START SUPPLIED ENTRIES

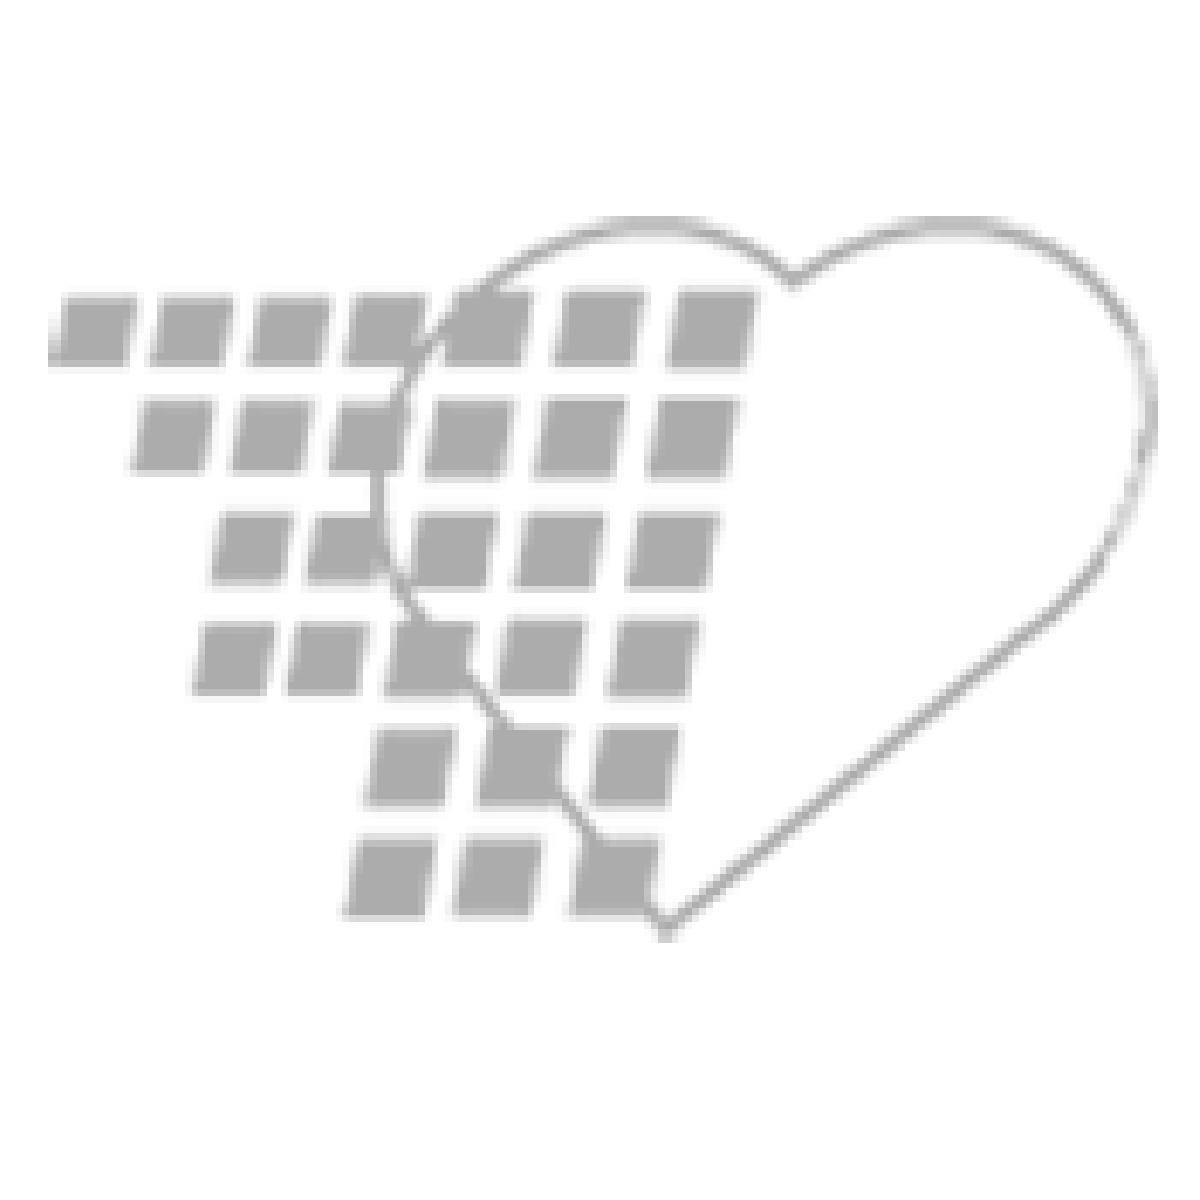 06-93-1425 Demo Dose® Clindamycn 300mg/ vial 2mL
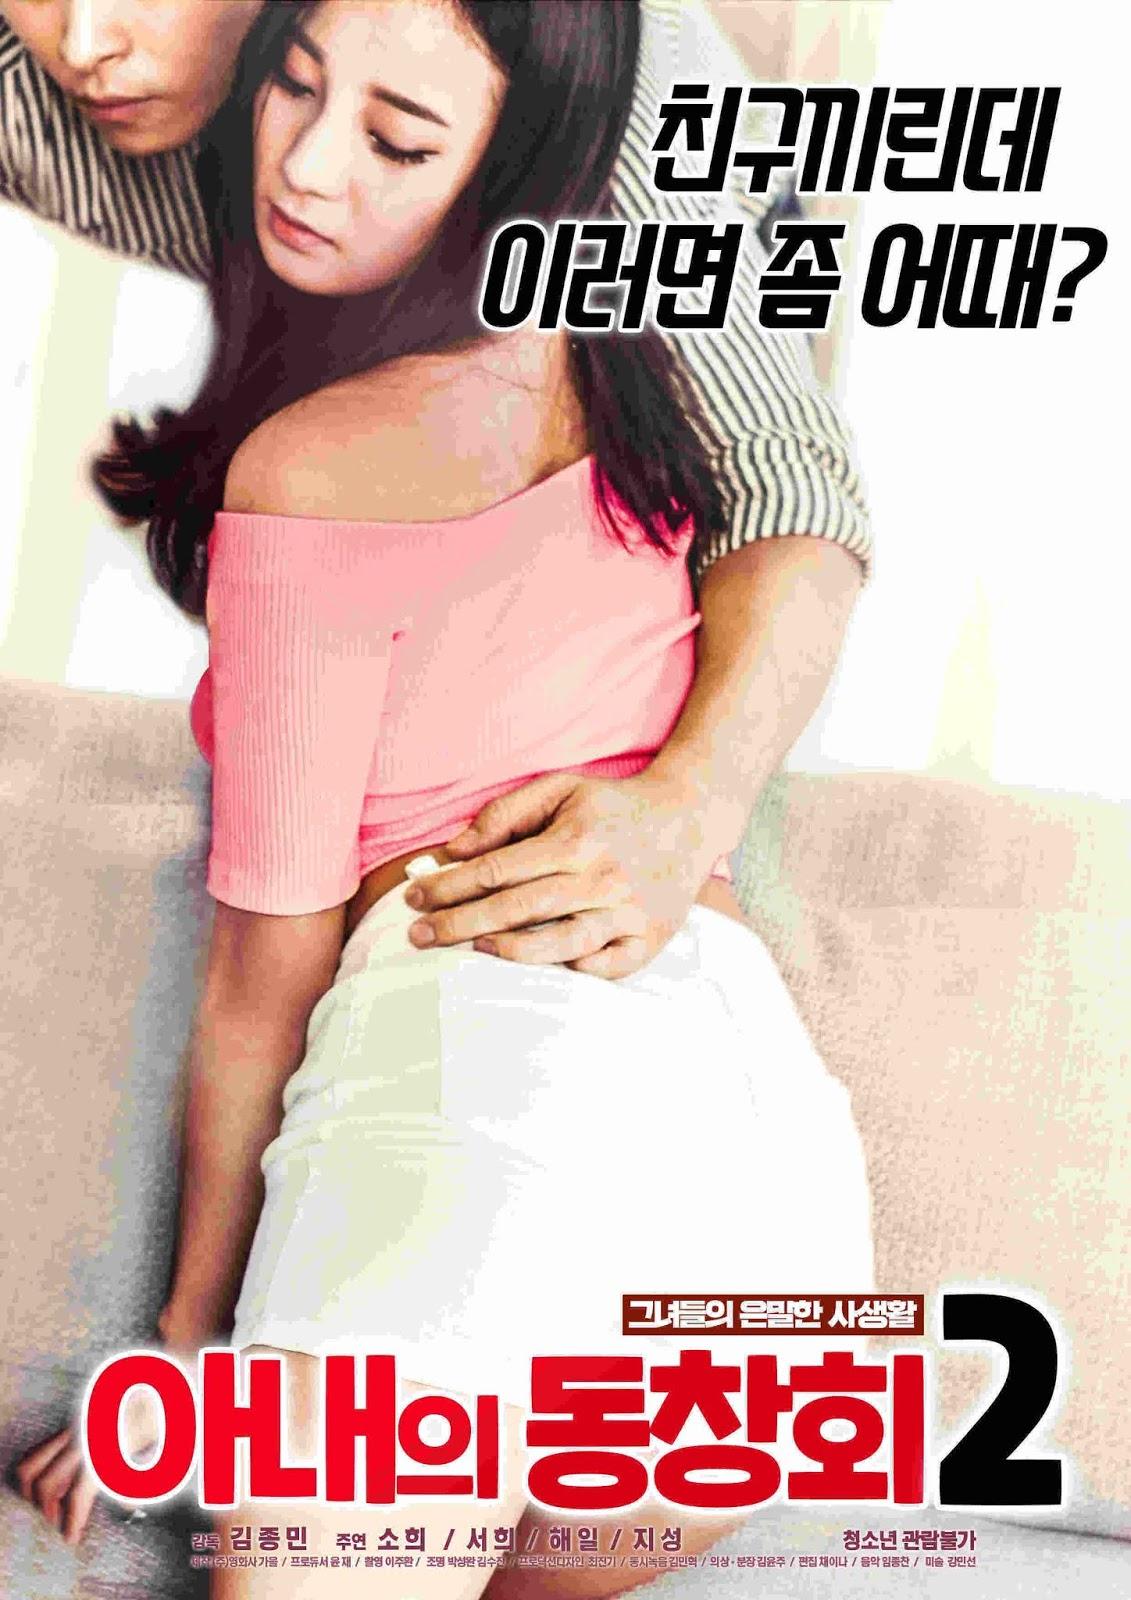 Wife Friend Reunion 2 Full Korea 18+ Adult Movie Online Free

END SUPPLIED ENTRIES
START SUPPLIED ENTRIES

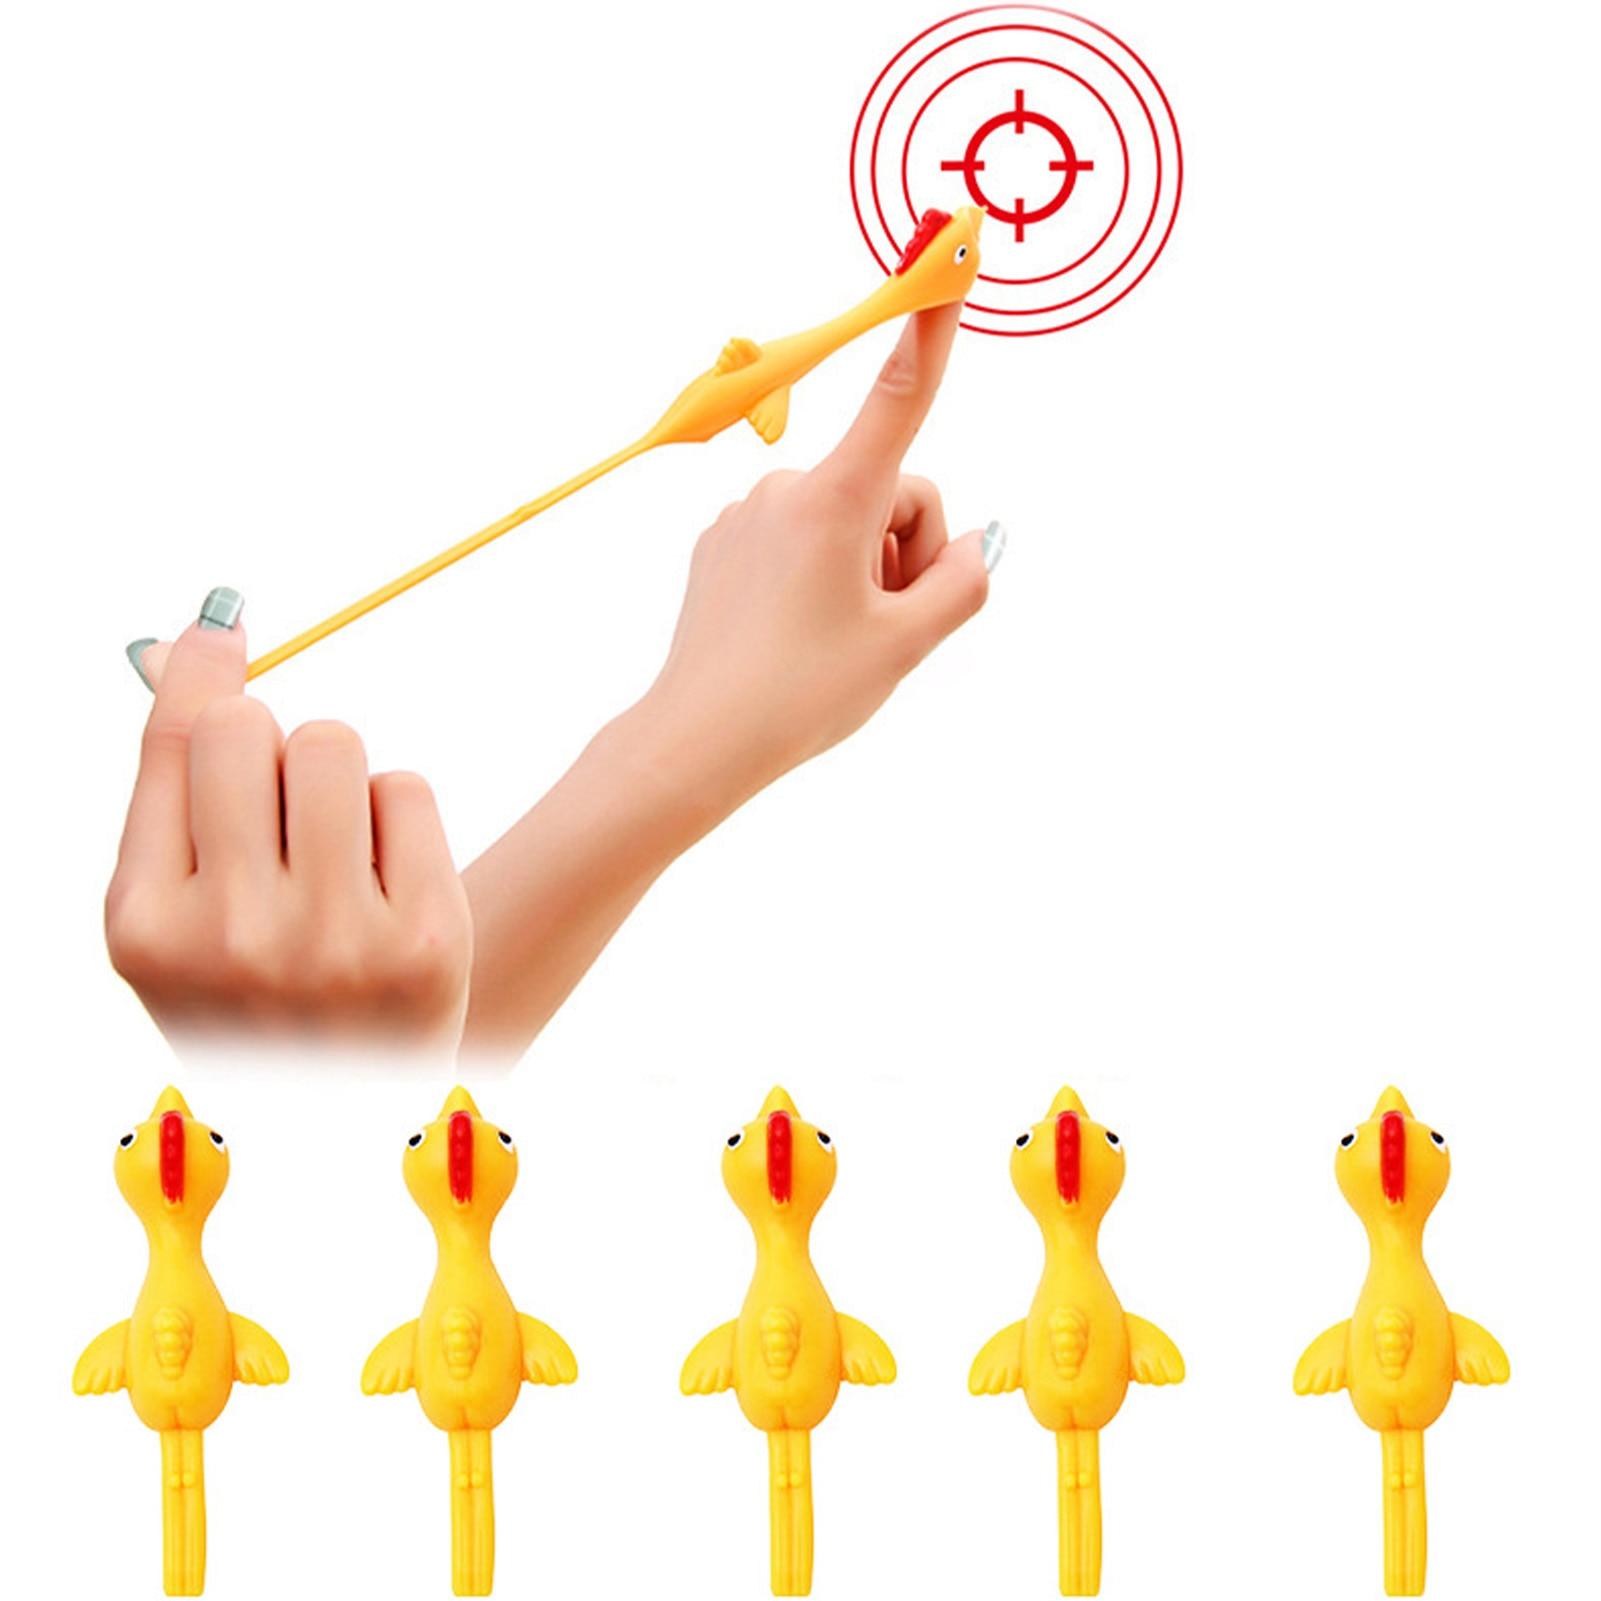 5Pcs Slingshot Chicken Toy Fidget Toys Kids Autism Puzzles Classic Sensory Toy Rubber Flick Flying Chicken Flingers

END SUPPLIED ENTRIES

ABOUT THIS EXERCISE: Pictures in the entries do not go into the copy. Print only the lines starting at the one containing "06-93-1425 Demo Dose®" and ending at the one containing "Wife Friend Reunion", exactly as they appear.

SOLVED PROBLEM:
 06-93-1425 Demo Dose® Clindamycn 300mg/ vial 2mL
 Wife Friend Reunion 2 Full Korea 18+ Adult Movie Online Free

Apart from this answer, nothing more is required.